Proteins are kind of natural molecules that show unique functionalities and properties in biological materials and manufacturing field. There are numerous nanomaterials which are derived from protein, albumin, and gelatin. These nanoparticles have promising properties like biodegradability, nonantigenicity, metabolizable, surface modifier, greater stability during in vivo during storage, and being relatively easy to prepare and monitor the size of the particles. These particles have the ability to attach covalently with drug and ligands [35]. Protein nanoparticles can be used in various targeted therapies, namely, pulmonary delivery, cancer therapy, tumor therapy, and vaccines, in which protein nanoparticles can be incorporated into biodegradable polymer in the form of microspheres for controlled and sustained release. The major aim in designing nanoparticle as a drug delivery system is to control particle size, surface area, and surface properties so that the nanoparticles carrying required amount of drug show desired pharmacological activity by releasing actives in order to achieve site-specific action. Proteins nanoparticles have certain unique functionalities and potential applications in both biomedical and material sciences [6]. They are recommended as ideal material for the preparation of nanoparticles because of their amphiphilicity which allow the nanoparticles to interact with both the drug and solvent. Nanoparticles derived from natural proteins are biodegradable, metabolizable, and easily adaptable to surface modifications to allow attachment of drug and targeting ligands [7]. They can be synthesized from various protein including water soluble proteins (e.g., bovine and human serum albumin) and insoluble protein (e.g., zein and gliadin). The comparison between synthetic and protein nanoparticles was discussed in Table 1.

Table 1: Comparison between Synthetic and Protein Nanoparticles.

Protein nanoparticles have plethora of advantages; namely, they help in reducing toxicity, enhance the release of drug, improve bioavailability, and provide better formulation opportunities. Protein nanoparticles are able to show better action at minimum dose and also decrease the drug resistance in body. Furthermore, the rate of dissolution and surface area of drug embed in the nanoparticle can also be enhanced. Nanoparticles can be delivered via using various routes of administration, including oral administration, vascular administration, and inhalation [49]. Important factor is to protect and preserve the drug while incorporated into the system without any chemical reaction. For this, many approaches are discovered; namely, modulation can be made into the choice of matrix constitution, site specificity can be achieved by attaching targeting legends to surface of particles, the system can be used for various route of administration, and the nanoparticles can improve the solubility and stability of encapsulated drugs. As the rule of nature, each and everything in universe has some positive and negative aspects. These are some problems associated with protein nanoparticles as particles can interact with living organism causing toxicity to depend upon chemical composition and the molecular size of particles becomes uncontrollable which can further affect the delivery of the system [50]. There is basic lack of understanding of the biological behavior of nanoparticles in terms of distribution in vivo both at the organ and at the cellular level [34]. Nanoparticles have high free energies due to their sizes. This causes aggregation and agglomeration. Nanoparticles are slow biodegradable which might cause systemic toxicity and reduce the ability to adjust dose [51]. Several positive and negative aspects of protein nanoparticles are discussed in Figure 1.
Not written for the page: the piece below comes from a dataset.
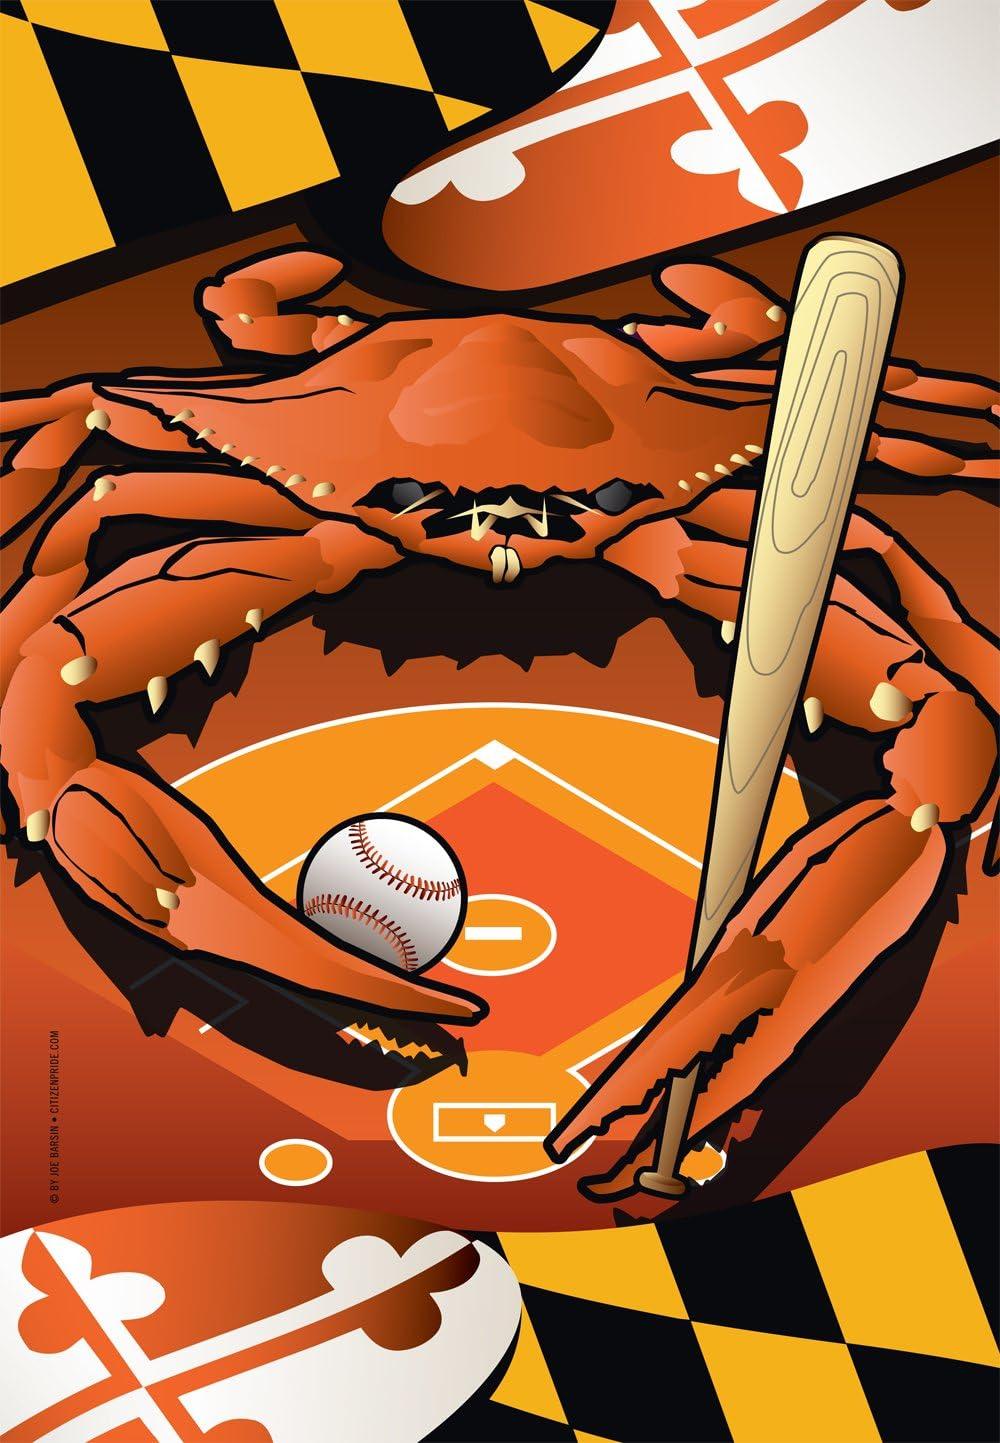 Citizen Pride Orioles Sports Crab of Baltimore Garden Flag by Joe Barsin 12 x 18-Inch Decorative USA-Produced

Figure 1: Pictorial presentation of positive aspects and negative aspects of protein nanoparticles.

2. Excipients Utilized for the Synthesis of Protein Nanoparticles

These are plethora of excipients utilized for the preparation of protein nanoparticles. Many are extracted from natural sources, thus, making them suitable for drug delivery. For a quick look of excipients, a compilation is done in Table 2. The chemical structure of the proteins is given in Figure 2.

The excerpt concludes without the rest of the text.